The next step consists of IP address configuration for the interface tap0 and configuration of a default route that routes all traffic to LAN interface - em1 of Pfsense appliance.

# ifconfig tap0 192.168.1.2 netmask 255.255.255.0
# route add default gw 192.168.1.1

Now we can replace our DNS configuration with Pfsense DNS server.

# echo "nameserver 192.168.1.1" > /etc/resolv.conf

As a last step we are going to disable iptables to avoid undesirable traffic filtering.

# service iptables stop

Every time a Pfsense appliance is started we must issue type these commands. To automate a process you can write a script that will do this job for you. I will share my own script, you just need to replace the name of the interfaces and a username 'brezular' according to your needs. A root account is needed to start a script and to let the script configure network settings. The script also starts a Pfsense VirtualBox appliance in headless mode.

You can download the script here . Download it and assign executable privileges to the script.

$ chmod +x ./start_pfsense

2. Building VirtualBox Virtual Machine for PfSsense Installation

You can either create a virtual machine using VirtualBox GUI or use my second script that automatically builds a virtual machine and starts Pfsense installation. The script creates a virtual machine with two network adapters and bridge them with the particular host interfaces that you must enter as a script arguments. It is a virtual tap interface tap0 that will be bridged to em1 (LAN) interface of the Pfsense virtual machine and the interface wlp3s0 (in my case) bridged to em0 (WAN) interface of the Pfsense appliance.

$ chmod +x ./set_pfsense

Then start the script with the required arguments but change network interfaces according to your real adapters.

$ ./set_pfsense -m 1024 -f ./pfSense-LiveCD-2.1.5-RELEASE-i386.iso -l tap0 -n Pfsense -w wlp3s0

Picture2-Script_Usage

Picture 2 - Script Usage

Once a script finishes creating a virtual machine, Pfsense installation is started.

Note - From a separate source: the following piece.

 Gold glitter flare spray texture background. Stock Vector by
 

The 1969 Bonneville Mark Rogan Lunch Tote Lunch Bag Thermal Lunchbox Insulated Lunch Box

Picture3-Pfsense_Virtual_Machine

Picture 3 - Pfsense Virtual Machine Ready for Installation

3. PfSense Installation on VirtualBox

PfSense installation is explained here in detail. Just press key I (install) once you are prompted and select an option Quick/Easy Install. Once installation is finished, you will be asked for doing reboot. Power of the virtual machine (Right Ctrl-q) and deattach Live CD ISO disk from cdrom with using the command:

$ vboxmanage storageattach Pfsense --storagectl IDE --port 0 --device 1 --type dvddrive --medium none

Note: Change the virtual machine name pfSense according to the name of your VM.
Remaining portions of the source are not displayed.